Nice looking frog.  The pen's not bad, either.

  -Barry


----------



## hewunch (Aug 2, 2009)

Like Roy's, Gary, your pen is a beauty for the eyes. But, I don't see any wonky lines in yours Gary. Do you? Just wondering.


----------



## Gary Max (Aug 2, 2009)

Roy says it's just the way they come---some do others don't.


----------



## johnnycnc (Aug 2, 2009)

Superb looking work, Gary.
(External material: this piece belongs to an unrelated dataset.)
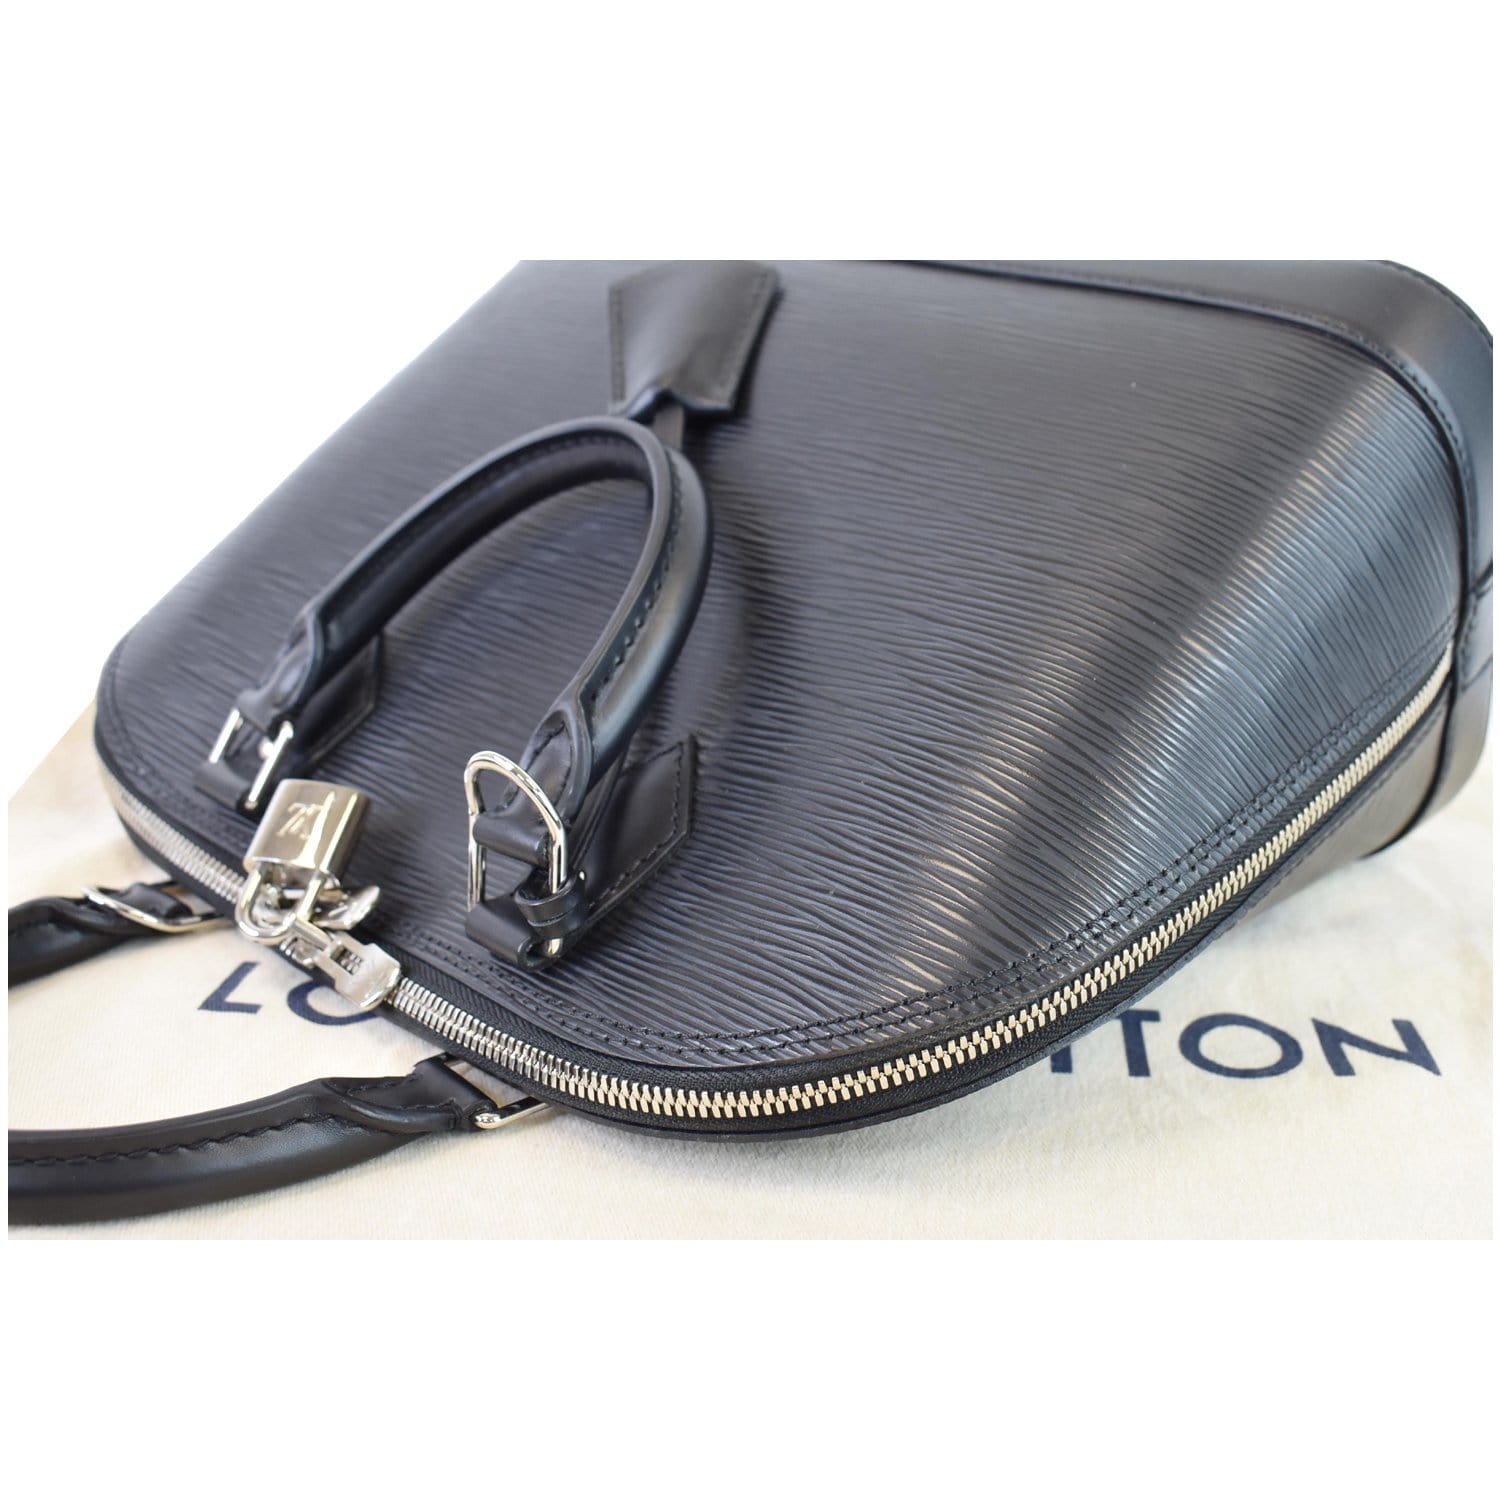 pm epi leather handbags

That material mates up real well with the kit.


----------



## Stevej72 (Aug 2, 2009)

Great looking pen, Gary.


----------



## rjwolfe3 (Aug 2, 2009)

Sweet looking pen, it took me awhile to find the frog.


----------



## Ligget (Aug 3, 2009)

Fantastic work Gary, about time you had a little fun, that pen is top dollar my friend!


----------



## mickr (Aug 3, 2009)

real nice..interesting new material


----------



## louisbry (Aug 3, 2009)

Very nice job and interesting blank material.


----------



## workinforwood (Aug 3, 2009)

Great pen Gary...love the photo's too.


----------



## Gary Max (Aug 3, 2009)

Thanks Jeff----I had some help from mother nature----she has the best lighting going.


----------



## OKLAHOMAN (Aug 22, 2009)

Gary, congratulations on making the front page, but I thought we had a rule....
No frogs on the front page:biggrin:​


----------



## leehljp (Aug 22, 2009)

CONGRATULATIONS Gary! GREAT Pen. I missed it the first time around.


----------



## cnirenberg (Aug 22, 2009)

Gary,
Beautiful pen, congrats on the cover pic. A big Whooo Hooo from Fla.


----------



## ldb2000 (Aug 22, 2009)

Congrats on the cover shot Gary .


----------



## johnnycnc (Aug 22, 2009)

Way to go, Gary! 
It's way worthy of the front page.


----------



## altaciii (Aug 22, 2009)

Absolutely beautiful pen, Gary.  The milk looks great with the kit it is a really classy pen.  I gotta tell you congrats on the feature photo.  One day I may be able to take pics like that.  Great job!


----------



## Rollerbob (Aug 22, 2009)

OKLAHOMAN said:


> Gary, congratulations on making the front page, but I thought we had a rule....​
> 
> 
> 
> No frogs on the front page:biggrin:​


Did you say Gary stepped on a frog? Congrats, Gary!!:wink:


----------



## mbroberg (Aug 22, 2009)

Fantastic Gary!!


----------



## Gary Max (Aug 23, 2009)

I just want to thank everyone from Jeff Brown and all the good folks here at IAP.
The knowledge that I have gained here made that pen possible.


----------



## rpearson (Aug 24, 2009)

Congrats on making Front Page!  A very worthy Pen!    I too missed it first time around...


----------



## Manny (Aug 24, 2009)

Wow nice pen Gary. You are a celeb now!

Manny


----------



## johncrane (Aug 25, 2009)

That's a great looking pen Gary Congrats on the front page!


----------